* **WHAT IS BEING ASKED**
Starting at the line that contains "30 June 2017: Santa" and stopping at the line that contains "Read online Marvel", restate each line of the records below exactly. Omit the pictures.

* **SUPPLIED INFORMATION**
_ _ _ _
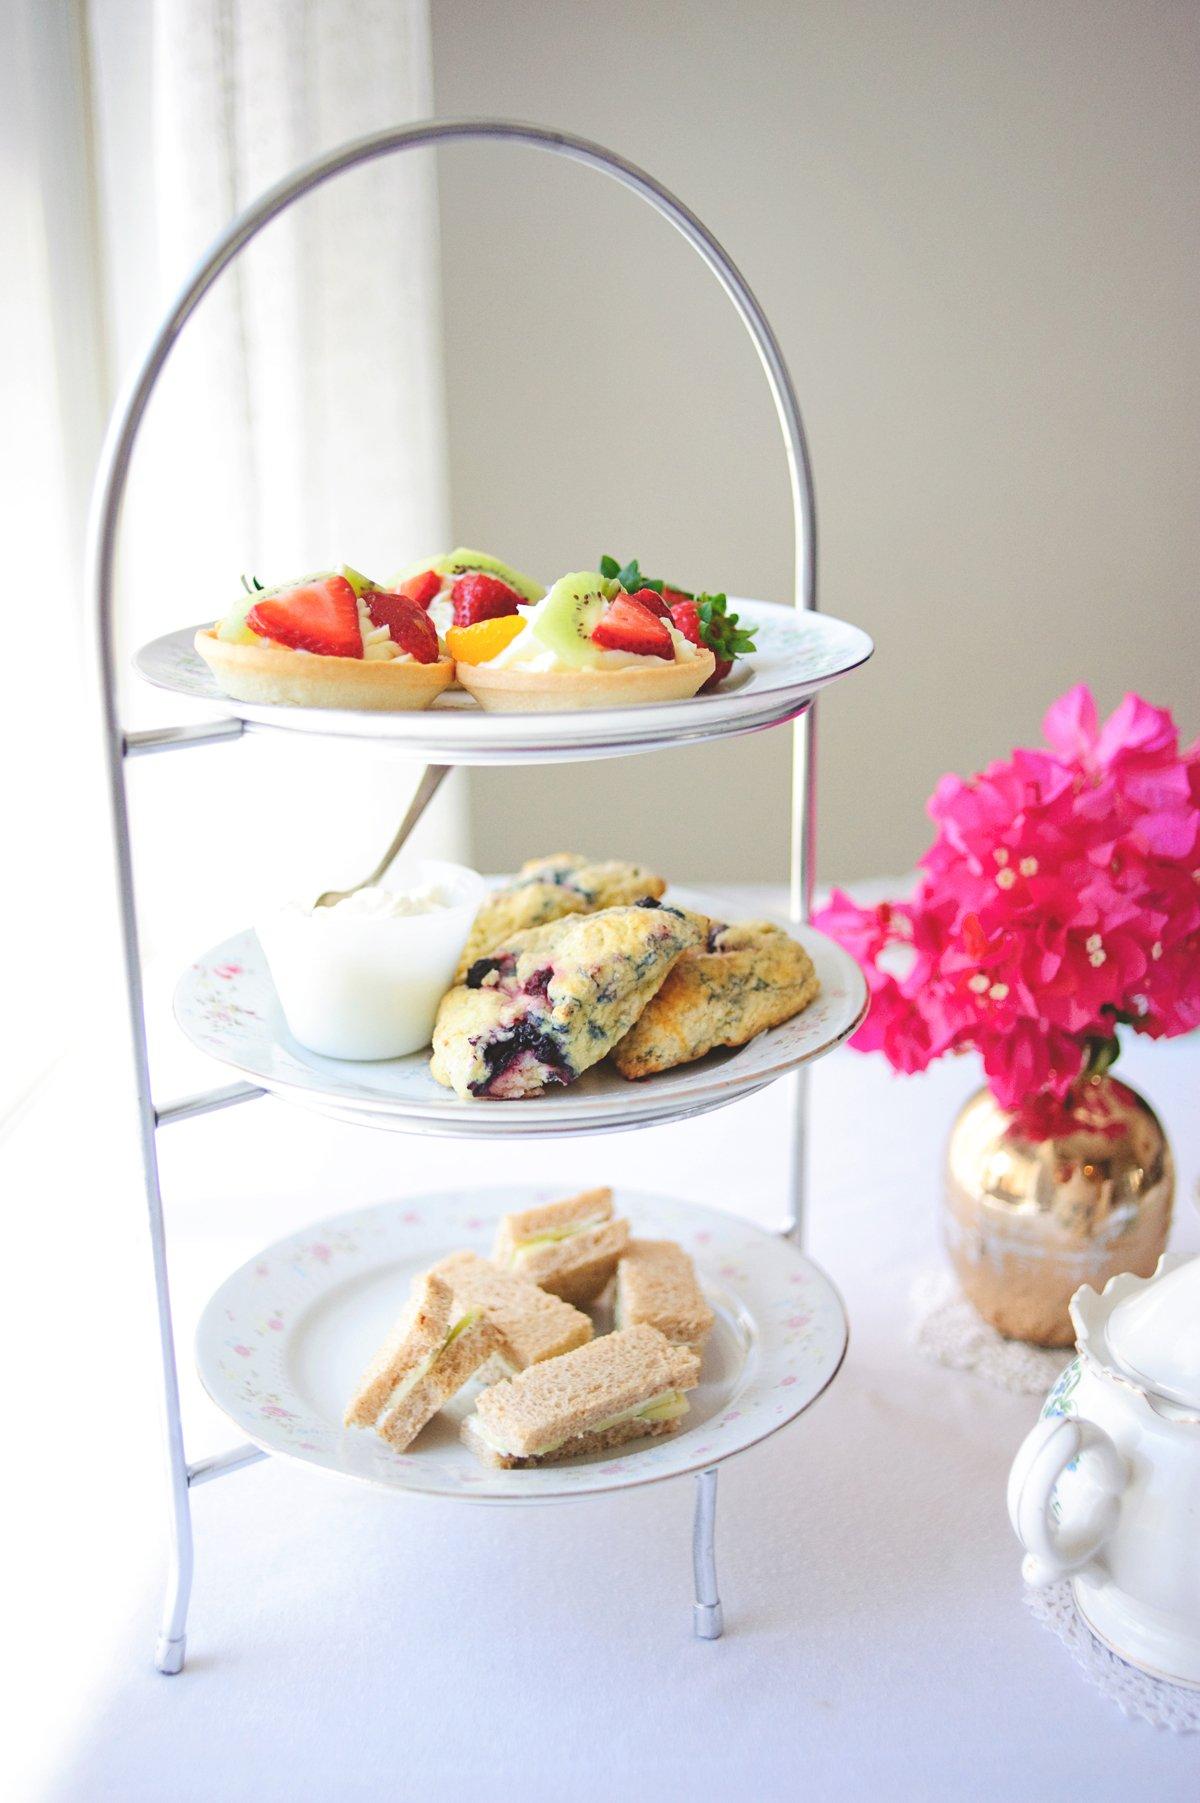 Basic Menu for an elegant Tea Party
_ _ _ _
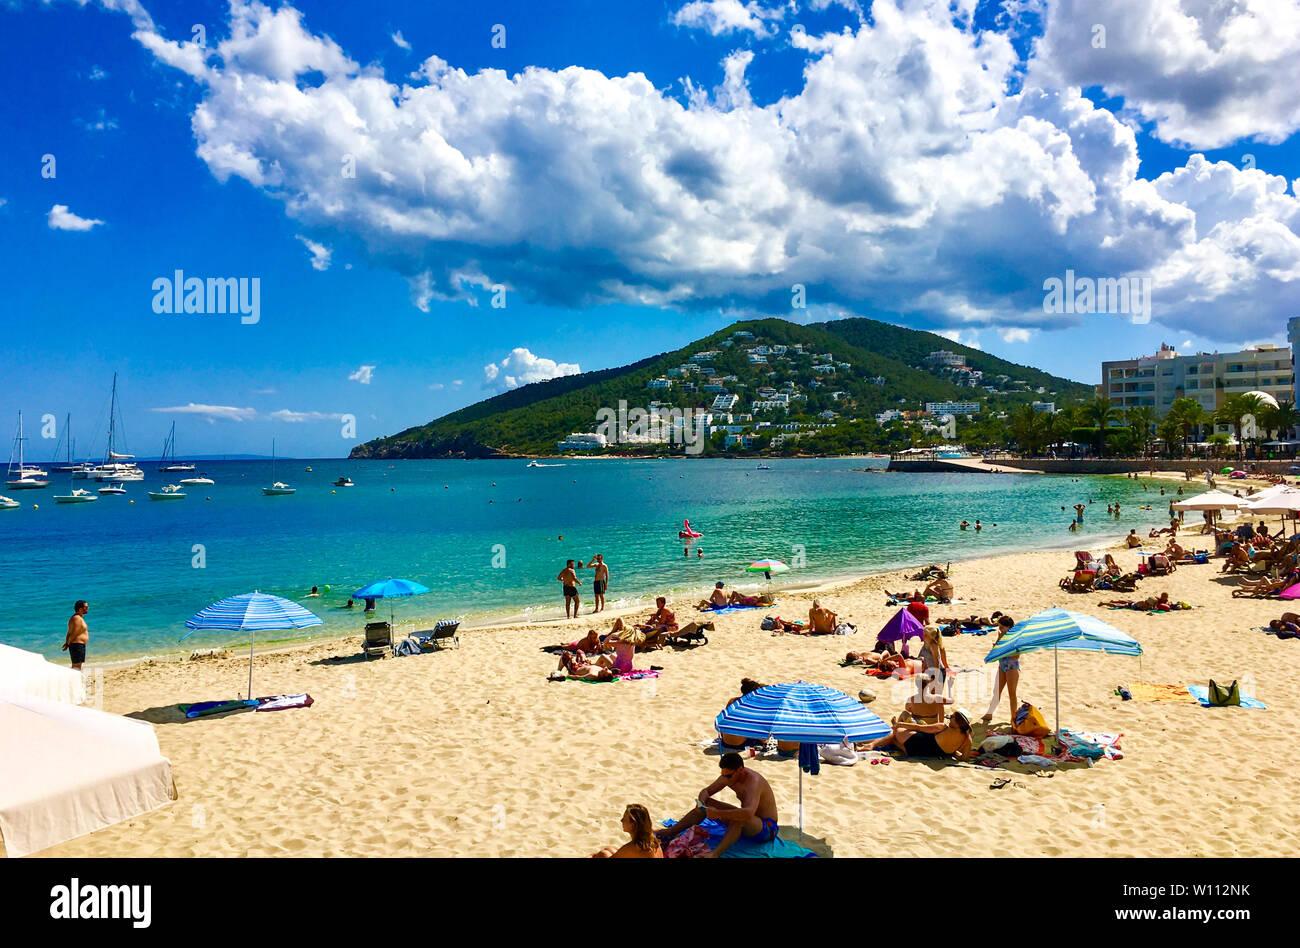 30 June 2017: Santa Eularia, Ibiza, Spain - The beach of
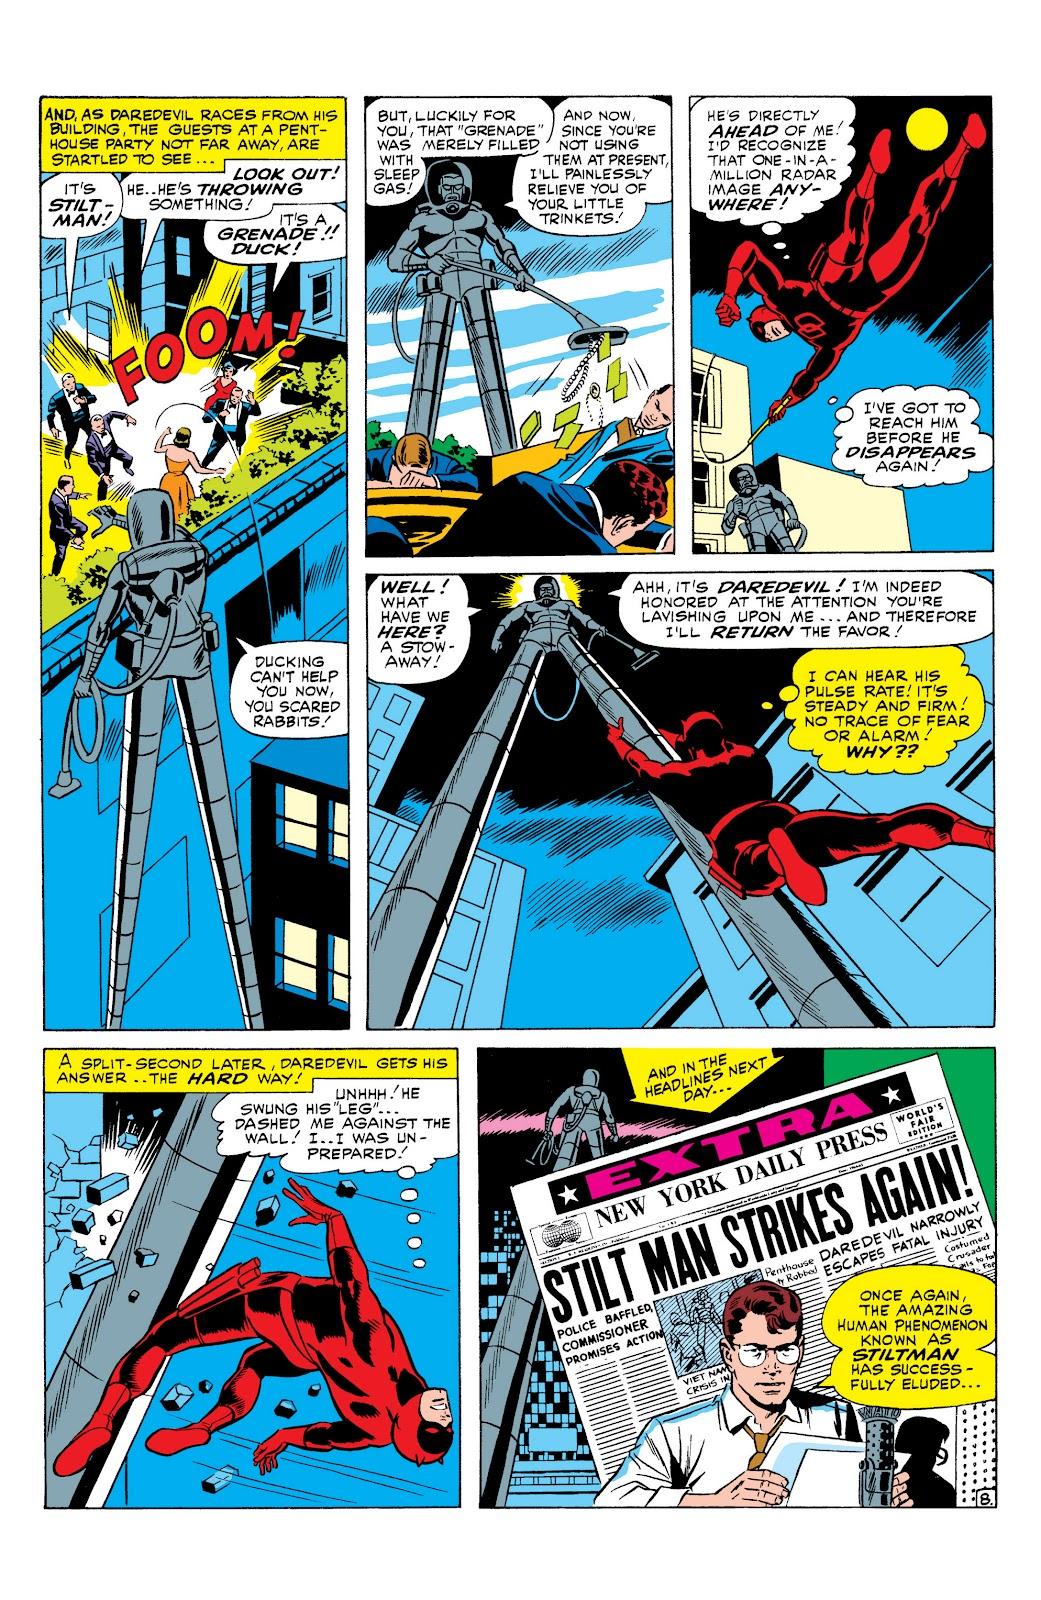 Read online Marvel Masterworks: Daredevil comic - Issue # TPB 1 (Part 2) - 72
_ _ _ _
* **ANSWER BELOW**
 30 June 2017: Santa Eularia, Ibiza, Spain - The beach of
 Read online Marvel Masterworks: Daredevil comic - Issue # TPB 1 (Part 2) - 72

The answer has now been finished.